Here is a diagram of how the backend of Mapumental works. Take it in the spirit that Chris Lightfoot set when he made a similar diagram for the No. 10 petitions site – although many such diagrams are useless, hopefully this one contains useful information.
(Click on the diagram for a large version)
Below, I’ve explained what the main components are, and some interesting things about them.
Everything can, at least in theory, run on lots of servers. Currently we are only actually using one server for web requests, because of problems with HAProxy. We’re runnning isodaemons on two different servers.
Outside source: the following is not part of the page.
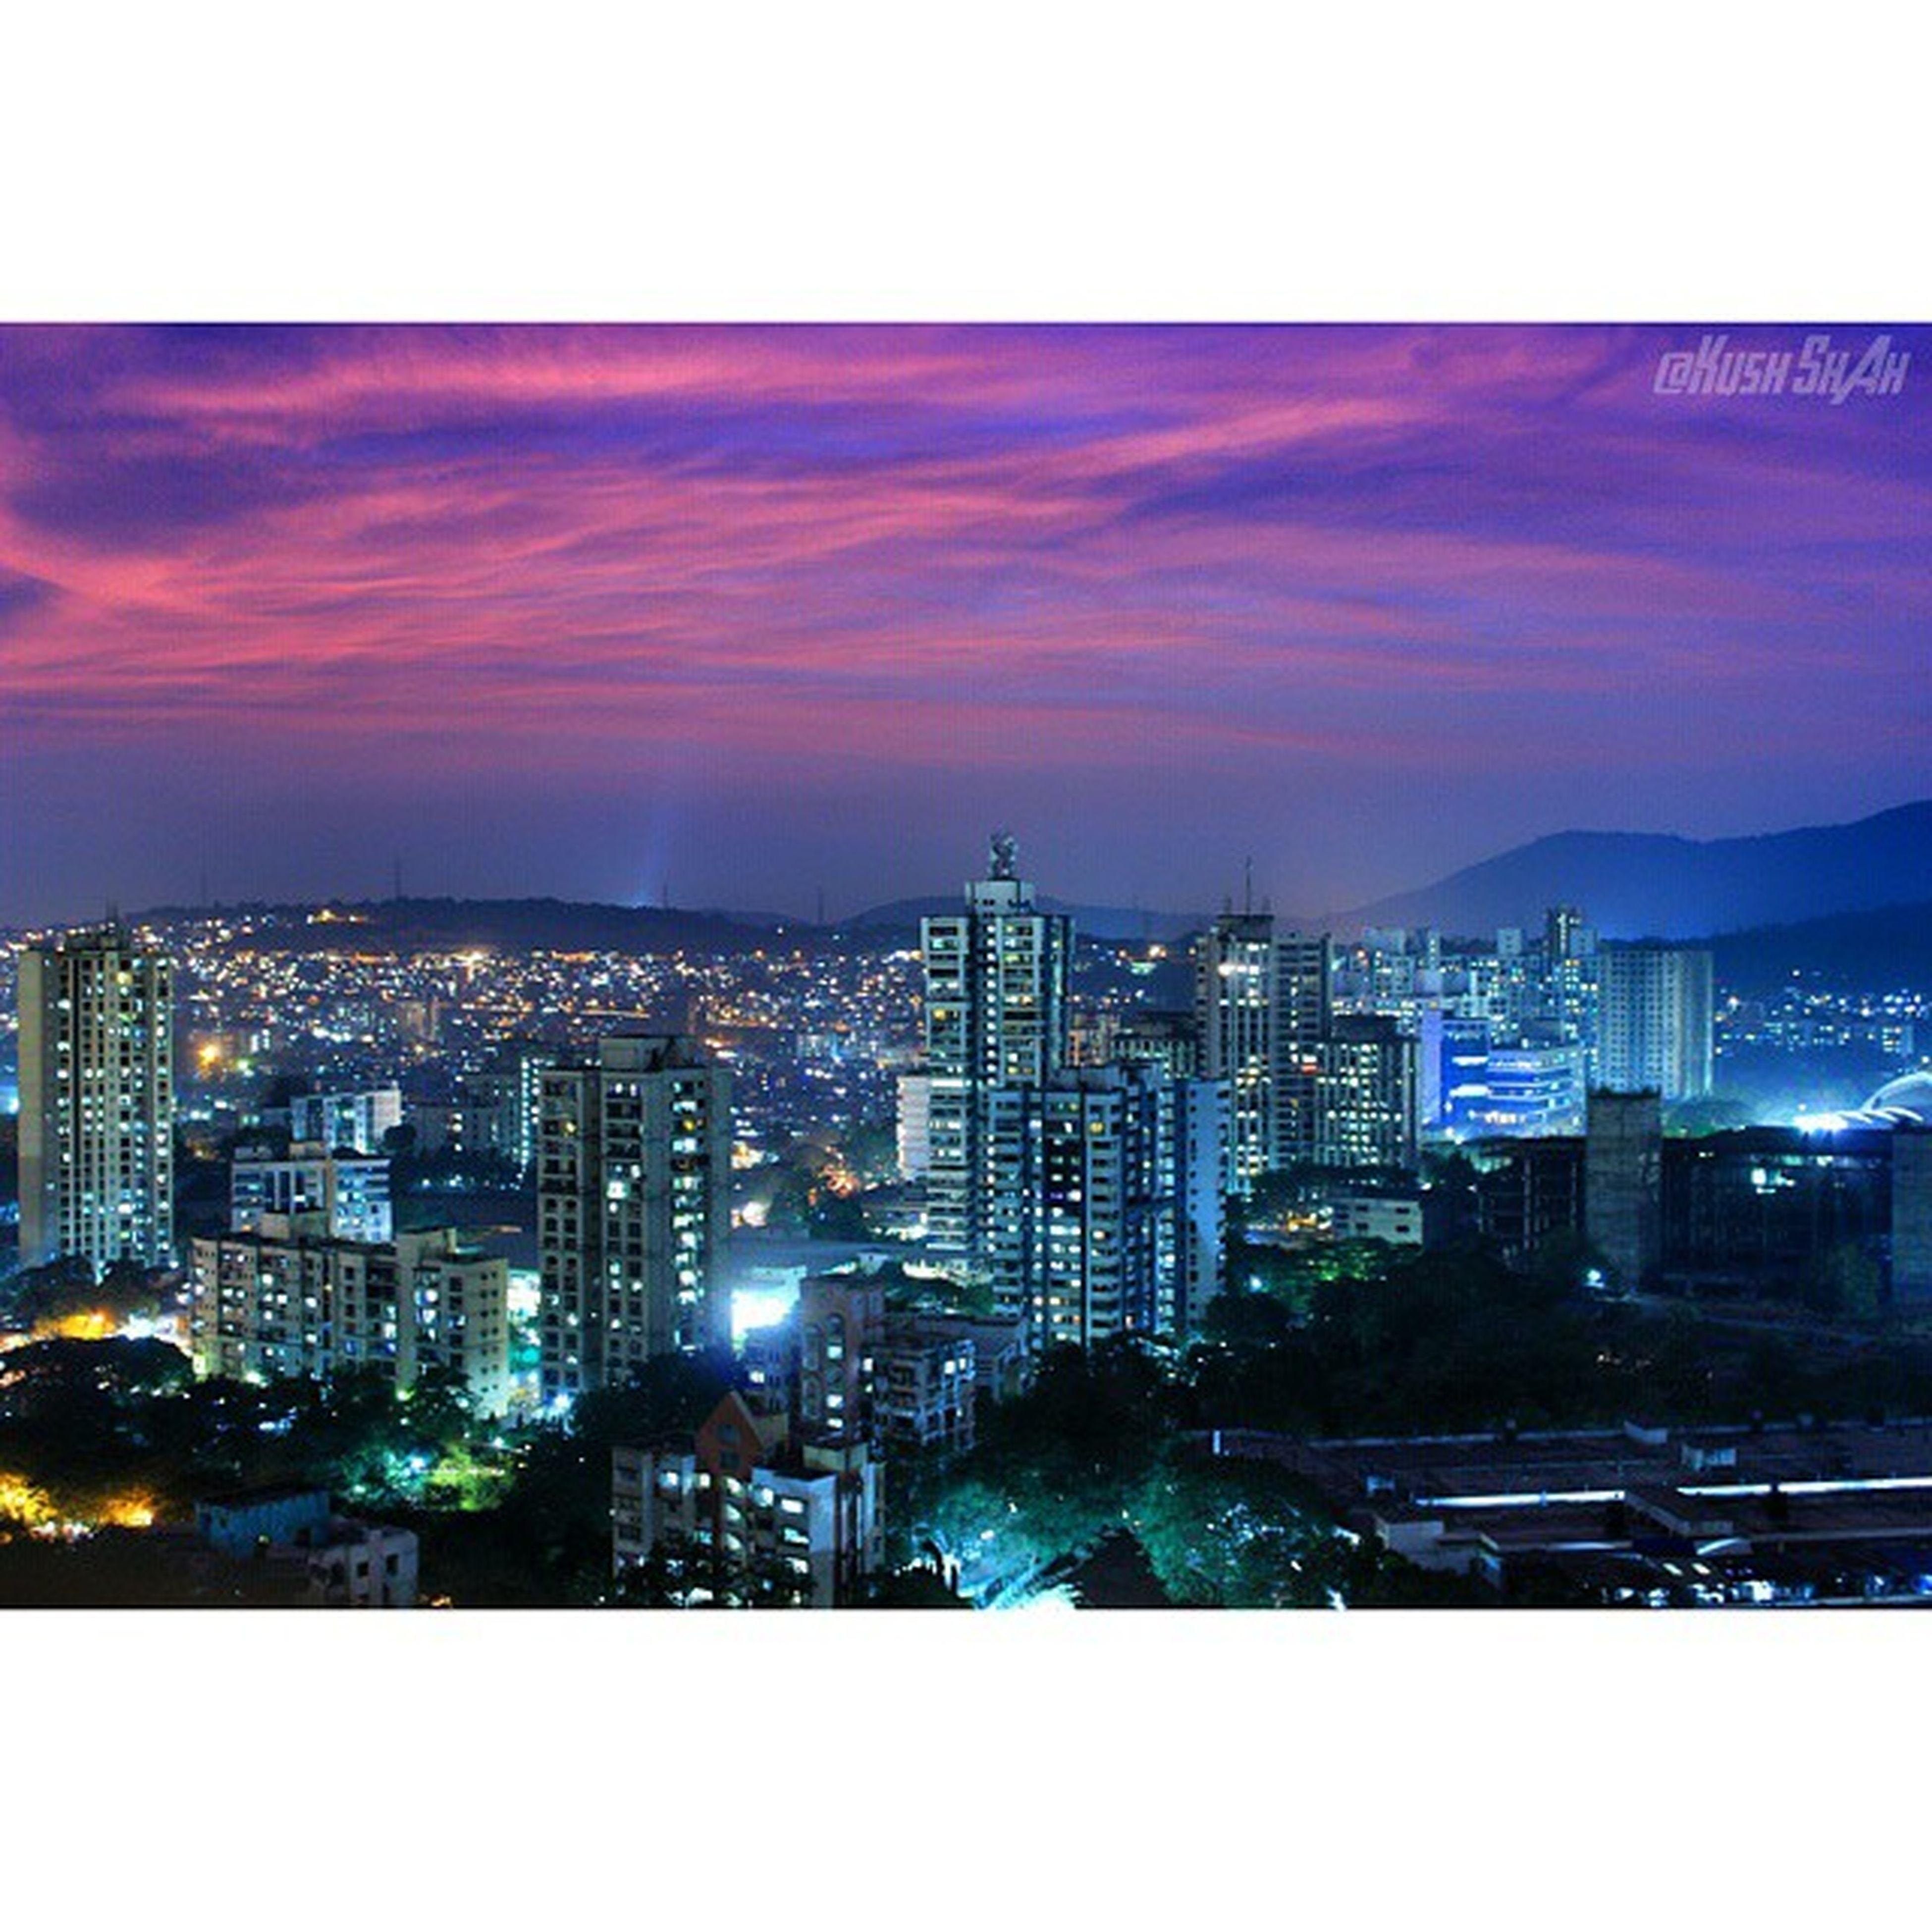 Hope is being able to see that there is light despite all of the darkness . . MumbaiDiaries Its_gram Aamchi_mumbai Clubofthephoto Mymumbai Our_bombay Lovely_mumbai Wearemumbai Longexpoevening Everydaymumbai Ig_indiashots The_3rd_eye Pics_capture Shutter_world Sarvodaya Bombayflare Black_boxes Mumbaikars_repost Itakegudphotos India_on_focus Mumbai_in_clicks Photographer_in_me Ig_decision Icu_global Ig_cameras_united mumbai mymumbai camofreakz photoist

Basic web application – it started out as raw Python, but the more Matthew hacks on it the more Django libraries he pulls in. Soon it’ll be indistinguishable from a Django app. When someone enters a new postcode, it adds it to the work queue in the PostgreSQL database, then refreshes waiting for the job to be finished. Then it displays the flash application (made by Stamen), set up to load the appropriate tile layers.
Tile server and cache – This uses the Python-based TileCache, calling Geospatial Data Abstraction Library (GDAL) to help render the tiles from points. It was originally written by Stamen, and expanded by mySociety. GDAL isn’t perfect, it doesn’t have fancy enough algorithms for my liking. e.g. Using a median rather than a weighted mean.
Isodaemons – These are controlled by a Python script, but the bulk of the code is custom written in C++. Slightly crazily, this can find the quickest route by public transport for each of 300,000 journeys from every station in the UK to a particular station, arriving at a particular time, in 10 to 30 seconds.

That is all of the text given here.